*Task instructions:*
Your task is to reproduce the listing exactly, without its images.

BEGIN Data section

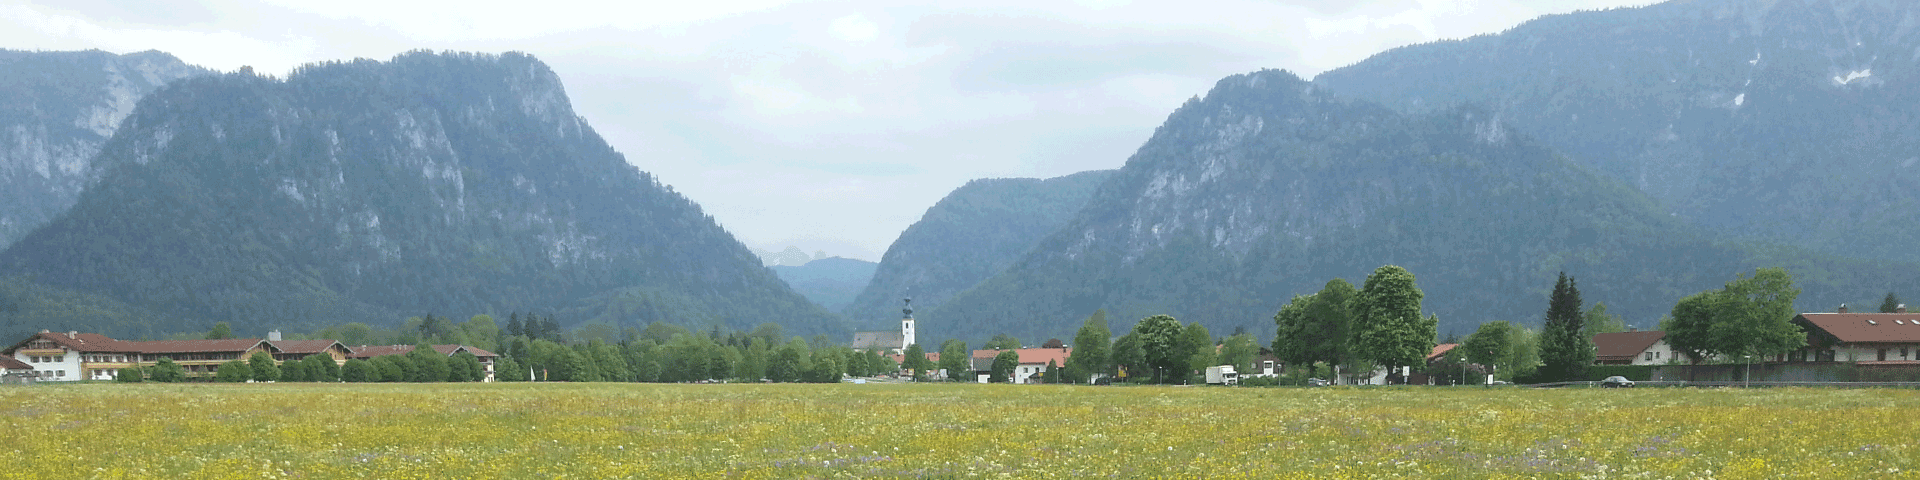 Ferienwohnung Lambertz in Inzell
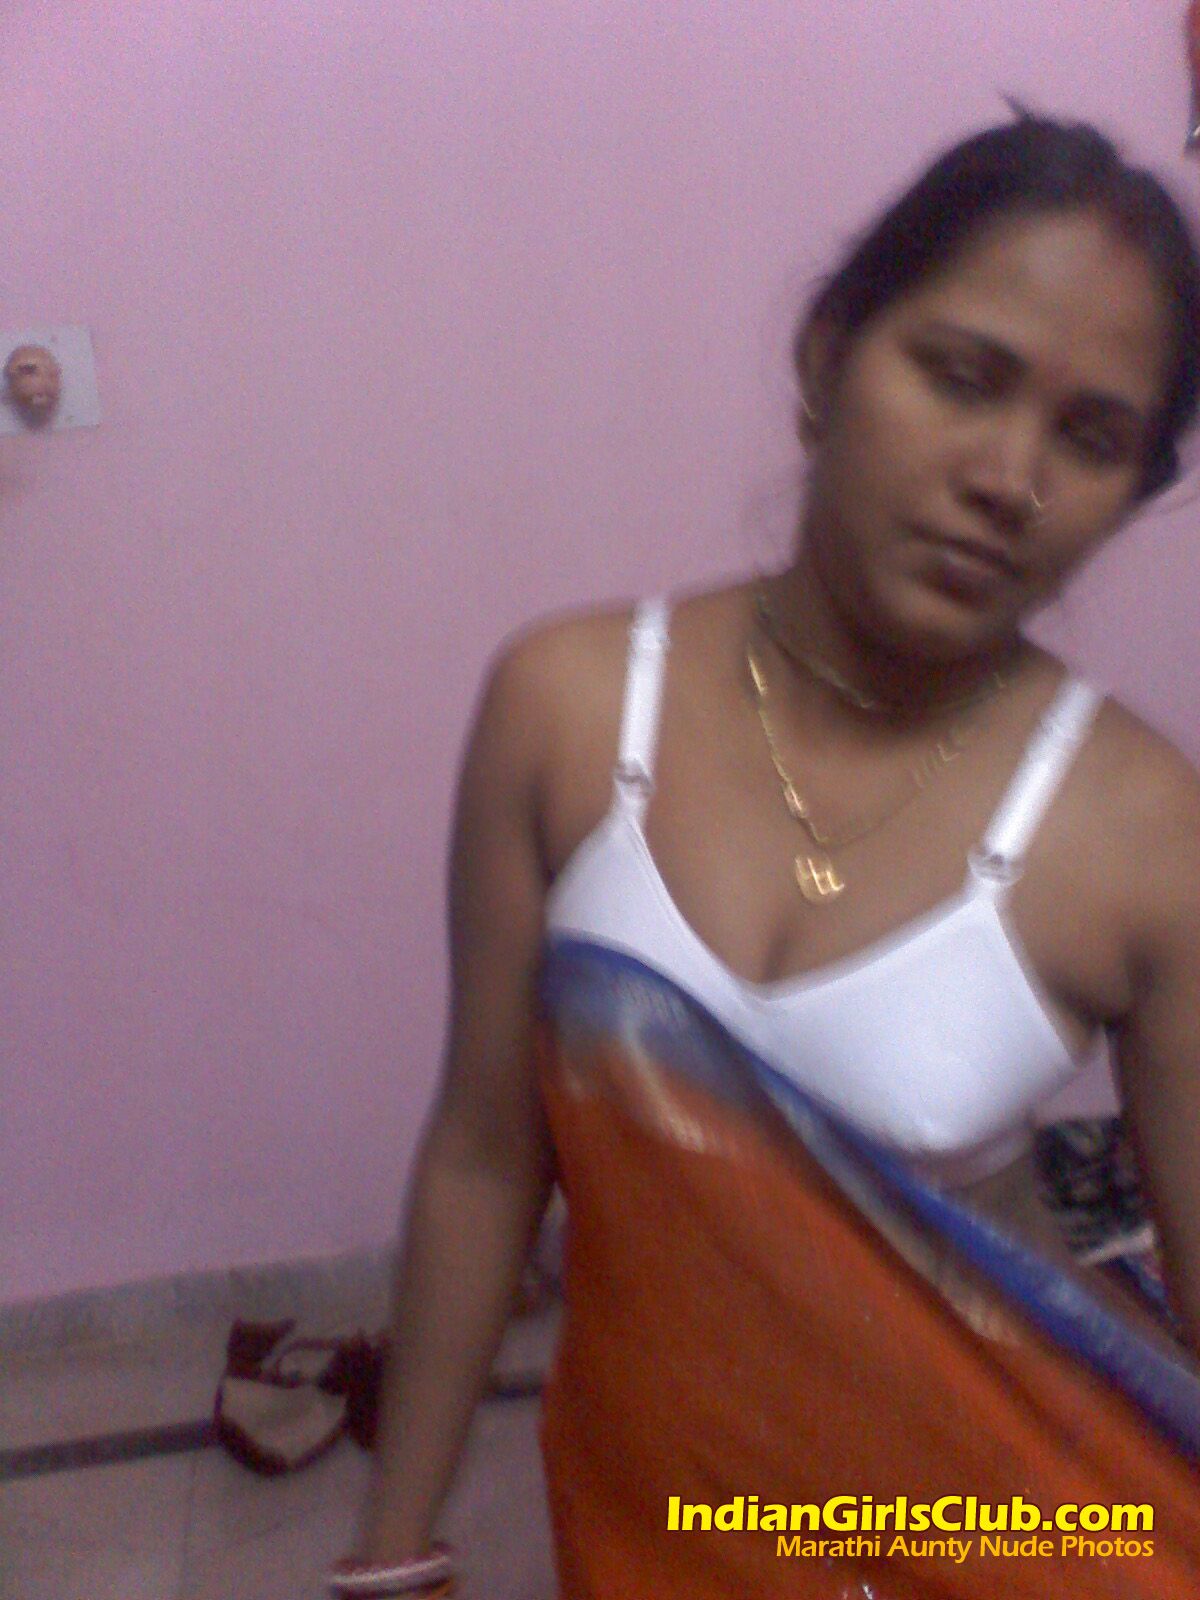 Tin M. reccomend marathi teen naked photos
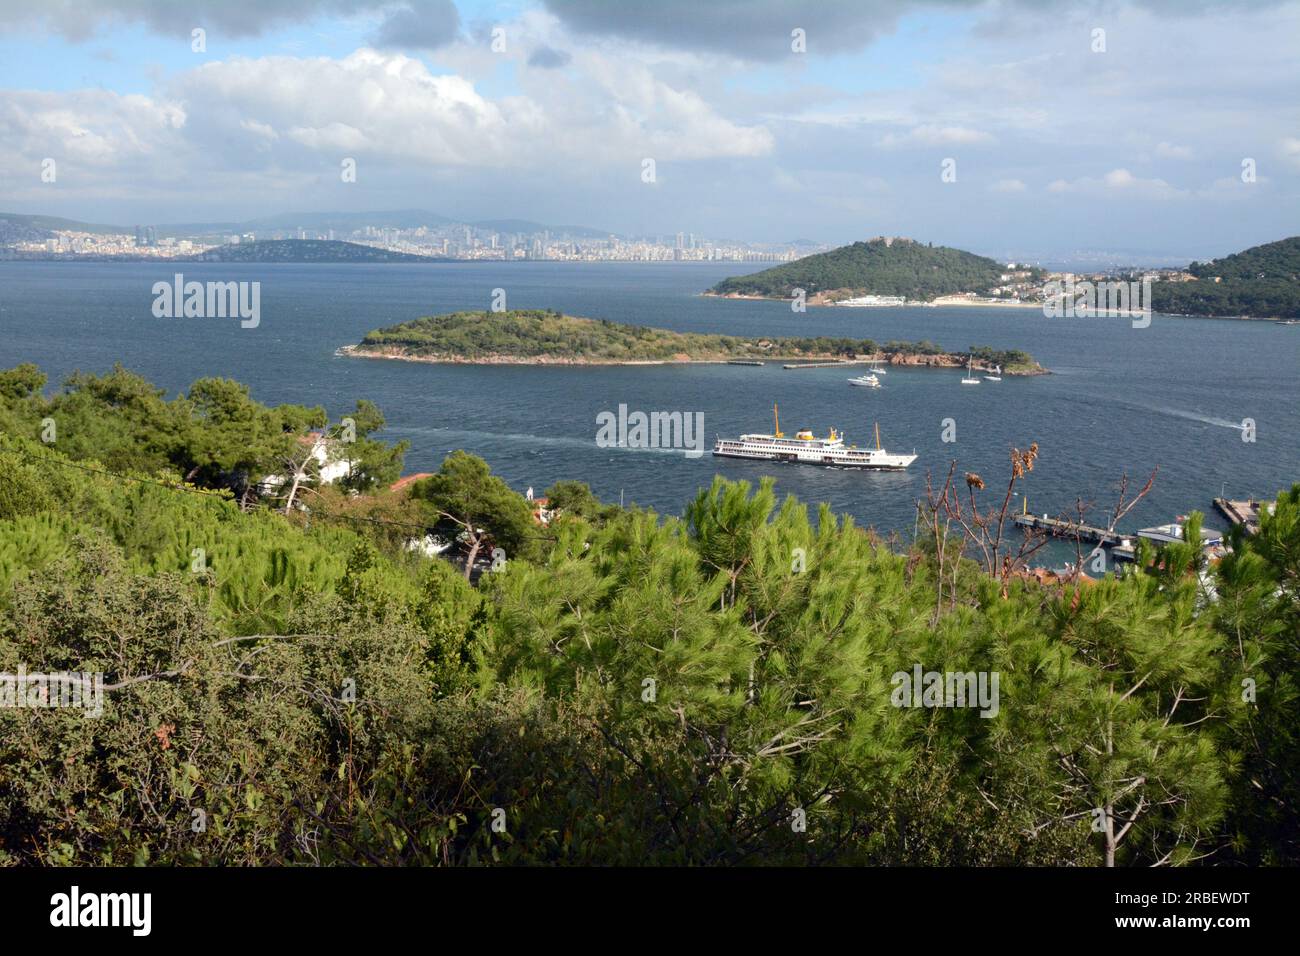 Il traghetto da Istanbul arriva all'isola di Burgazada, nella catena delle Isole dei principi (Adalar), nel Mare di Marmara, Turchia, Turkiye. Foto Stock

END Data section

*Answer box:*
 Ferienwohnung Lambertz in Inzell
 Tin M. reccomend marathi teen naked photos
 Il traghetto da Istanbul arriva all'isola di Burgazada, nella catena delle Isole dei principi (Adalar), nel Mare di Marmara, Turchia, Turkiye. Foto Stock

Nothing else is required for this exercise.